Over the past few weeks, BART and Los Angeles’ Metro have each made big headlines, albeit for very different reasons. In the Bay Area, BART’s ongoing mechanical problems are the latest reminder of the system’s poor state of repair and constrained capacity. BART leaders have highlighted the need for reinvestment in the system via a possible $3.5 billion infrastructure bond for the November 2016 ballot. Meanwhile, in Los Angeles, leaders at Metro unveiled a proposal for a massive $120 billion sales tax measure to continue significant transit expansions in the region. While there are few comparable features between the two measures (Metro’s measure spans 50 years, and Los Angeles and Metro are much larger and located within a single county), their contrasting goals speak to a broader shortcoming of Bay Area transit planning: the lost ability to think big at solving regional problems.
BART’s infrastructure bond is a much needed measure to stop the system from falling apart – most of BART’s infrastructure is at the end of its useful life, and significant gains in reliability and core capacity could be realized by an influx of capital. However, BART’s bond will, at best, help the agency do a better job of meeting existing ridership demand; the measure misses an opportunity to deliver something new. While demand for new connections and capacity improvements is high, BART’s bond will not include any funding for new projects that were identified in its Metro Vision Plan like a second Transbay Tube, or complementary projects to enhance Transbay capacity like a contraflow bus-only lane.
Part of the challenge facing BART is it lacks the political clout to be a leader in solving the Bay Area’s transportation challenges. Transportation planning and funding in the Bay Area is decentralized between seven county agencies, 25+ transit operators, 100+ cities, and the Metropolitan Transportation Commission (MTC), so no single agency provides regional leadership. Moreover, regional coordination between these agencies is lacking as “me first” planning dominates. Transportation leaders often advocate for outward transit expansion projects which expand coverage as opposed to core capacity projects which maximize ridership. For example, Alameda County’s Measure BB, passed in 2014, included $400 million in funding for BART to Livermore, yet no funding for enhanced Transbay capacity. While MTC is supposed to provide regional leadership to balance local interests, its board is comprised of many of the same commissioners who advocate “me-first” projects on their respective agency commissions. As a result, BART has taken a surprisingly reduced role in deciding the projects that it plans and builds, and is in an awkward position when it comes to pushing forward new improvements.
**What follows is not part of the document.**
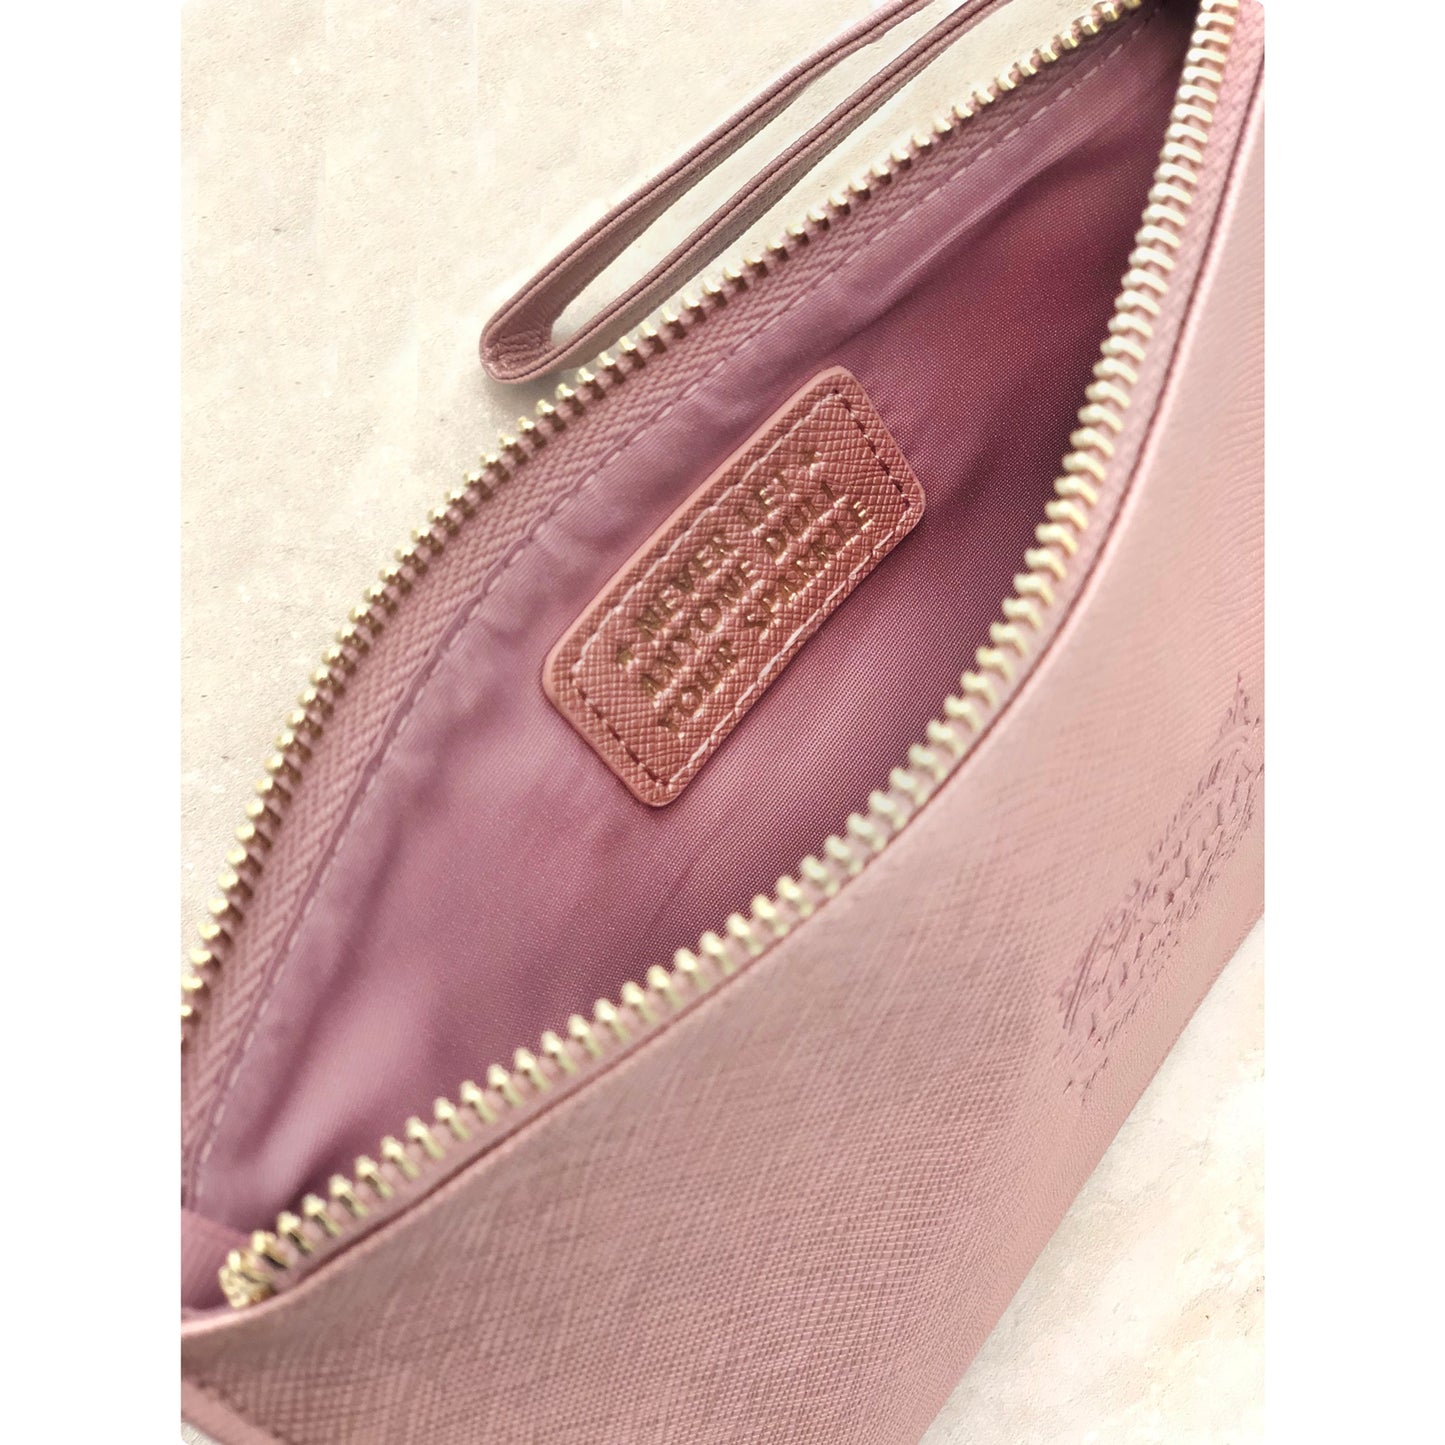 Clutch Bag With Handle & Embossed Text "Grace"

BART needs money now and cannot afford to wait for a multi-county, state, or federal funding measure to solve its most-pressing problems. Yet by expending its political capital for a challenging measure that provides little vision and may not even cover the extent of its existing maintenance backlog, BART risks further frustrating and fatiguing voters. Multi-county ballot measures are tough to pass and don’t come along very often: hopefully BART can find the right balance between a realistic, achievable bond measure and one that provides a vision for how “our reality” will get better.